Representations of the labyrinth were sometimes engraved on ancient gems, a fine specimen of which is figured in P. A. Maffei's "Gemme Antiche" ([Fig. 40]), published in 1707. The Minotaur in this case is shown as a centaur. A similar representation appears on a sixteenth-century bronze plaquette of Italian workmanship exhibited in the Plaquette Room at the British Museum ([Fig. 41]. See plate, p. 60).

Figs. 38, 39. Greek Kylices shewing Exploits of Theseus. (British Museum)

Before leaving the subject of the Labyrinth in ancient art we must take notice of a reference in an ancient manuscript which tends to show that the symbol figured on the robes of Roman Emperors. This manuscript was discovered by A. F. Ozanam in the Laurentian Library at Florence. It is entitled "Graphia Aurea Urbis Romae" and contains, under the heading "De diarodino imperatoris," the following passage:

Habeat et in diarodino laberinthum fabrefactum ex auro et margaritis, in quo sit Minotaurus, digitum ad os tenens ex smaragdo factus, quia sicut non valet quis laberinthum scrutare, ita non debet consilium dominatoris propalare.

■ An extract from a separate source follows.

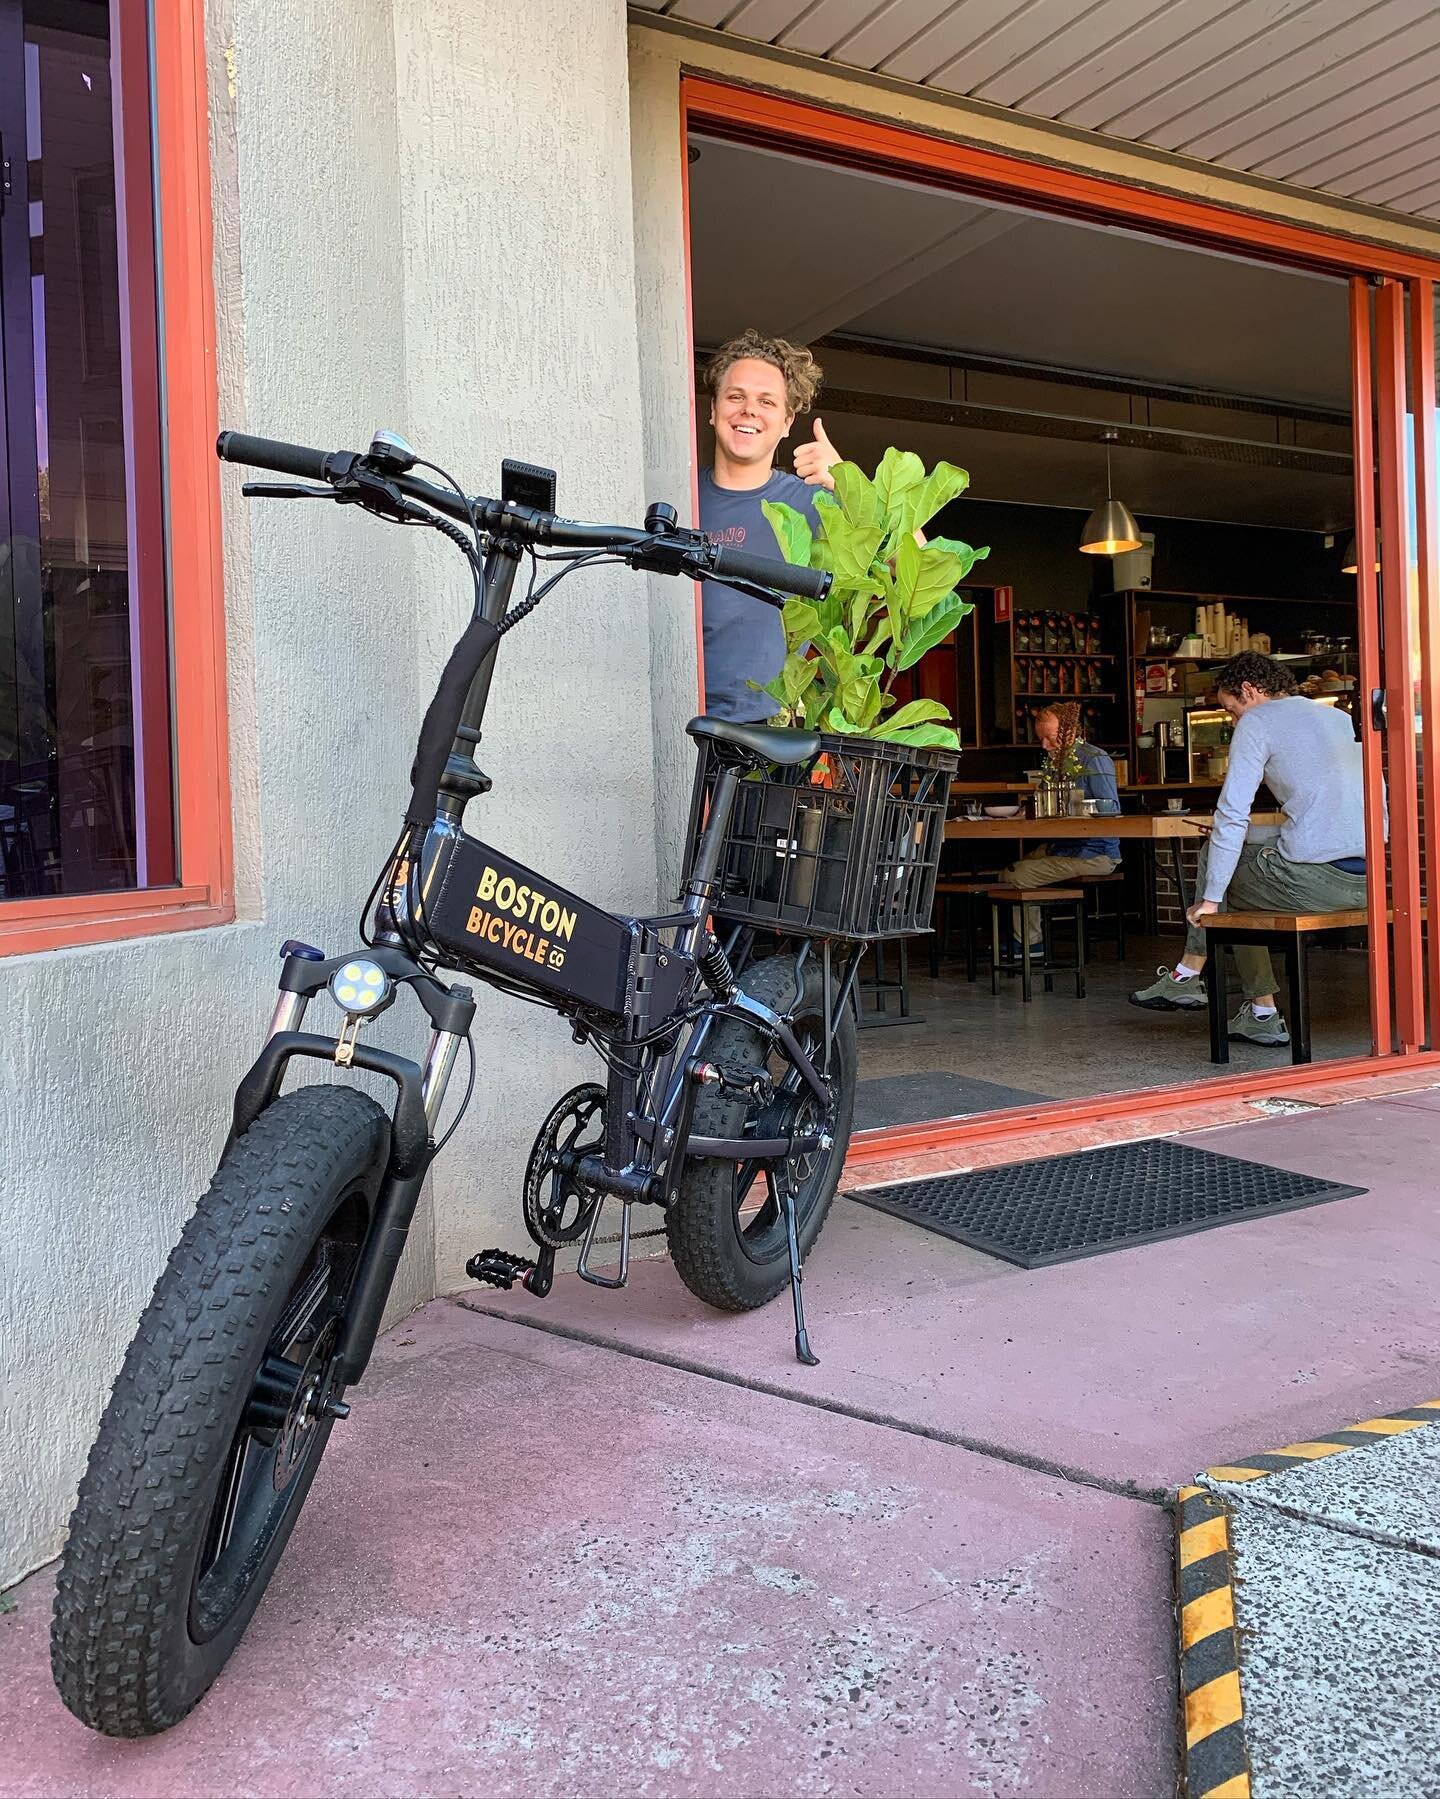 Special plant 🌱 delivery on the @bostonbicycleco T2 🚲 - to my favourite coffee spot ☕️@delanocoffee to the best barista I know. @jarrod_80 #fiddlyfigs #electricbikes #urbangarden

"Let there be represented on it (the Emperor's robe) a labyrinth of gold and pearls, in which is the Minotaur, made of emerald, holding his finger to his mouth, thus signifying that, just as none may know the secret of the labyrinth, so none may reveal the monarch's counsels."

Fig. 40.—Labyrinth engraved on an ancient gem. (Maffei.)

It has been pointed out by Mr. A. B. Cook that in the Fitzwilliam Museum at Cambridge is a painting by Bartolommeo Veneto (1502–1530) representing an unknown man who wears on his breast a labyrinth resembling that described above.


[CHAPTER IX]
CHURCH LABYRINTHS

The consideration of labyrinths worked in Roman mosaic pavements leads us on to a very interesting development of the subject which deserves a chapter to itself, namely, the Labyrinth in the Church.

Probably the oldest known example of this nature is that in the ancient basilica of Reparatus at Orléansville (Algeria), an edifice which is believed to date from the fourth century A.D. In the pavement near the north-west entrance of the church is the design shown in outline in [Fig. 42]. It measures about 8 ft. in diameter and shows great resemblance to the Roman pavement found at Harpham and the tomb-mosaic at Susa. At the centre is a jeu-de-lettres on the words SANCTA ECLESIA, which may be read in any direction, except diagonally, commencing at the centre. But for the employment of these words the labyrinth in question might well have been conceived to be a Roman relic utilised by the builders of the church to ornament their pavement. Such pavement-labyrinths, however, with or without central figures or other embellishments, and of various dimensions and composition, are found in many of the old churches of France and Italy.

Fig. 42.—Labyrinth in Church of Reparatus, Orléansville, Algeria. (Prevost.)